Análise de preço da ação

Leitura de valuation cruzando preço de mercado, proventos e fundamentos auditáveis.

descontada com risco
P/L 3,8x
EV/EBITDA 5,8x
P/VP 0,8x
Dividend yield 12m 12,78%
Data da análise 12/06/2026

Desconto real, mas com ressalva no caixa

Com valor de mercado de R$9,13 bi e cotação de R$21,36, próxima da mínima de 52 semanas (R$19,76), a Cyrela é negociada com múltiplos comprimidos: P/L de 3,8x, EV/EBITDA de 5,8x e P/VP de 0,8x, abaixo do valor patrimonial. O histórico anual 2021–2025 reforça a leitura de desconto, com receita que saltou para R$9,42 bi, margem bruta estável em torno de 32,6%, lucro líquido de R$2,40 bi e dividend yield estimado em 12,8%. Em termos de resultado contábil e escala, a operação aparece descontada frente aos fundamentos.

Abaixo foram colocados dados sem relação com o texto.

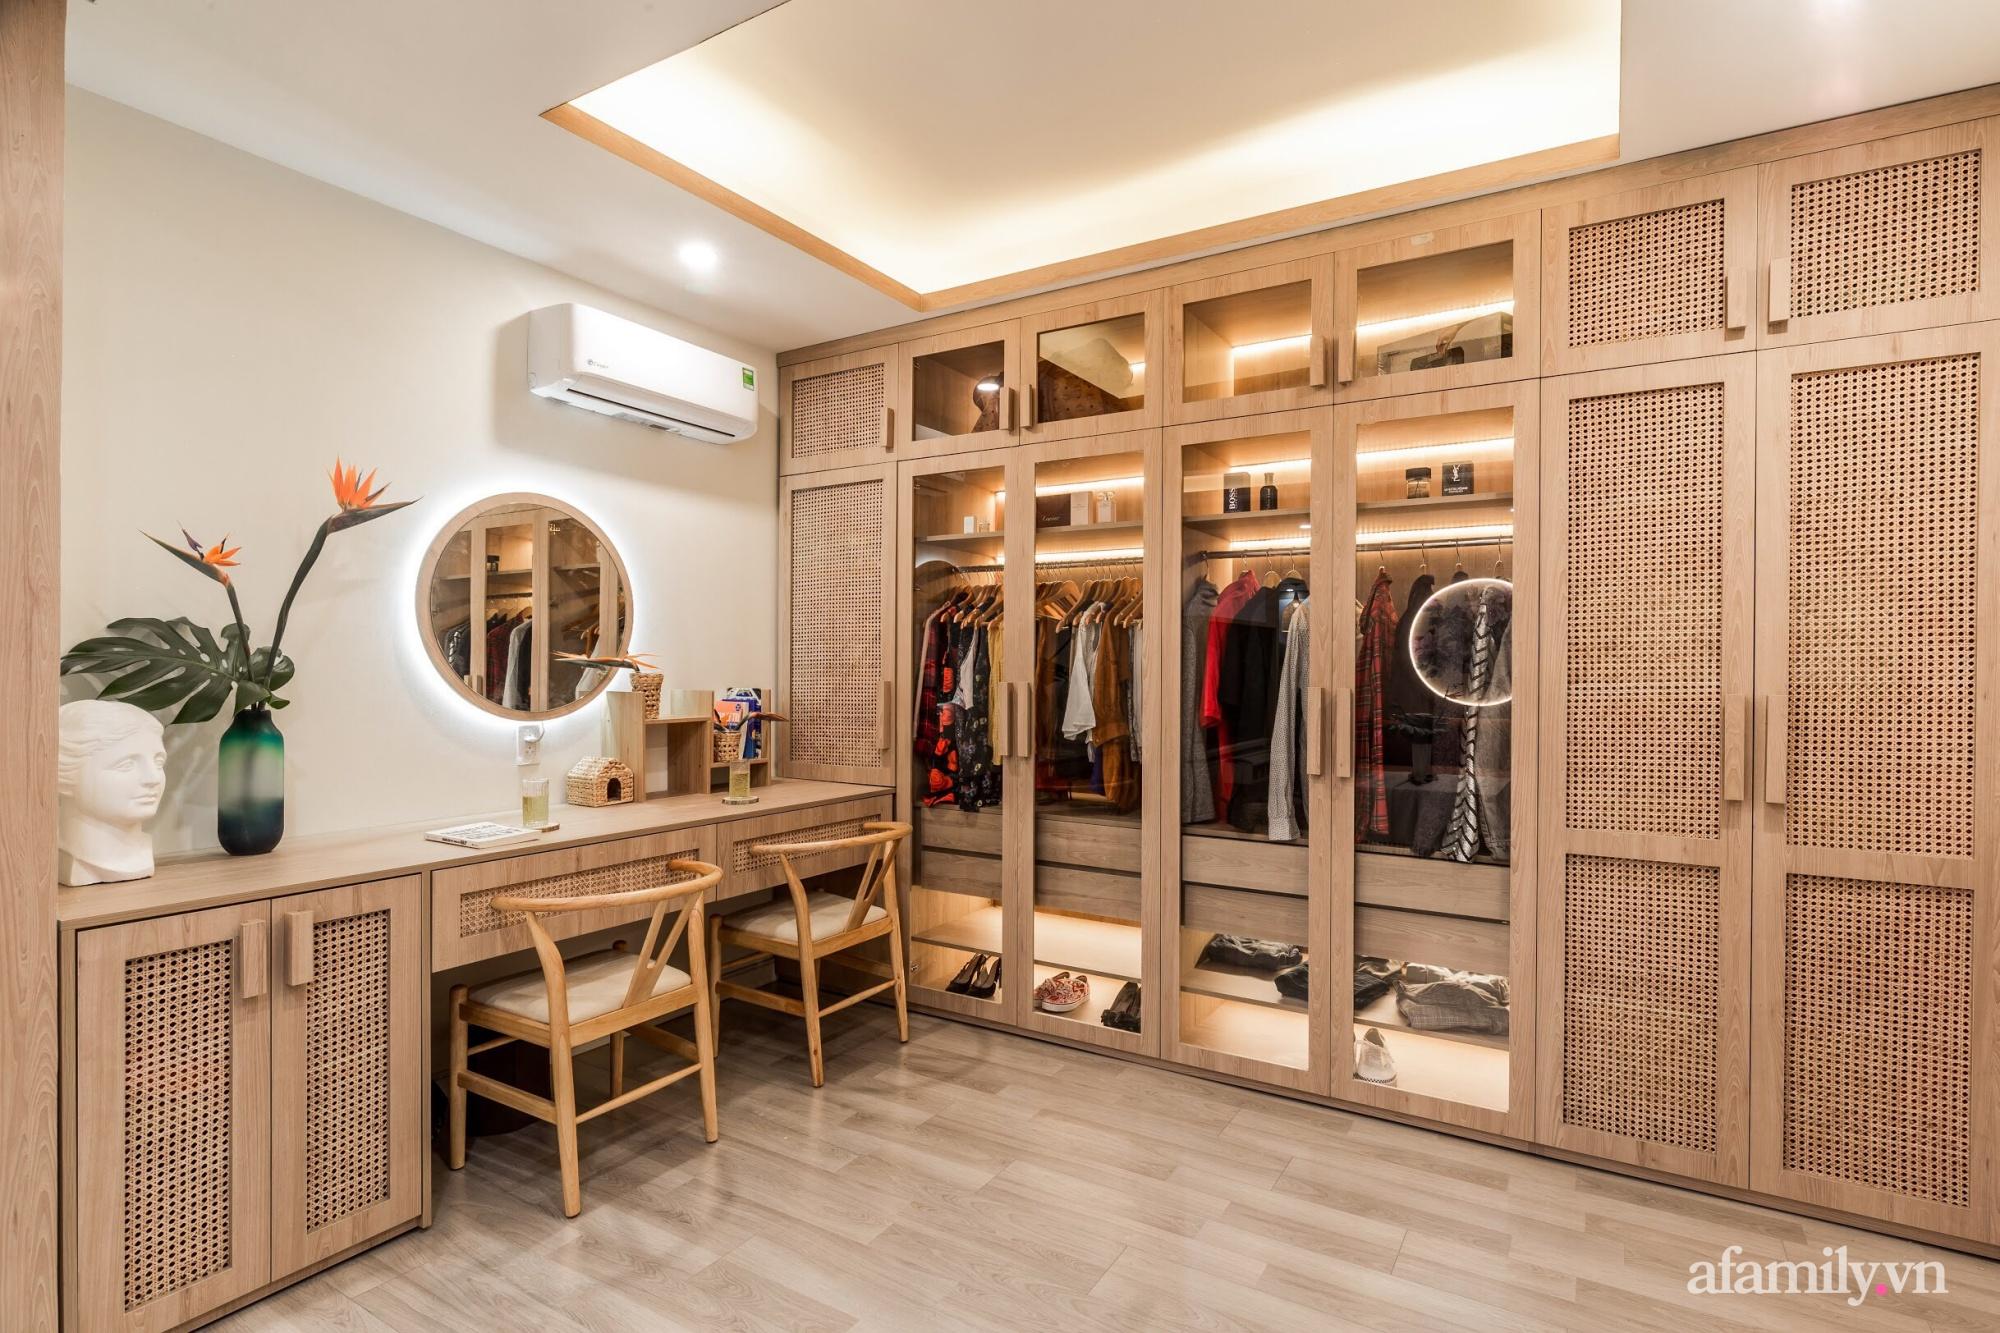 """Căn hộ 75m² """"ghi điểm"""" với thiết kế phong cách Nhật tinh tế có chi phí hoàn thiện 400 triệu đồng ở Sài Gòn - Ảnh 8."""

A ressalva, porém, é material e impede uma leitura limpa. O caixa operacional consolidado voltou a ser negativo em 2025 (R$358,4 mi) e seguiu negativo no 1T26 (R$109,6 mi), mesmo com lucro elevado, mostrando conversão de lucro em caixa ainda instável. A dívida bruta subiu para cerca de R$8,79 bi, as despesas financeiras e os juros pagos aumentaram, e no 1T26 o lucro líquido recuou frente ao 1T25. Recebíveis e estoques continuam consumindo capital, e o caixa caiu no trimestre. O desconto é real, mas depende de melhora na geração de caixa e no controle da alavancagem para se confirmar, o que justifica o sinal amarelo.

Indicadores principais

Receita líquida R$ 2.025.033
EBITDA R$ 412.550
Lucro líquido R$ 360.059
Dívida líquida R$ 4.898.844
Margem líquida 17,78%
FCO R$ -109.572

Cyrela teve receita em alta no início de 2026, mas o lucro caiu sob pressão financeira. Analistas sugerem cautela com a conversão em caixa e dívida.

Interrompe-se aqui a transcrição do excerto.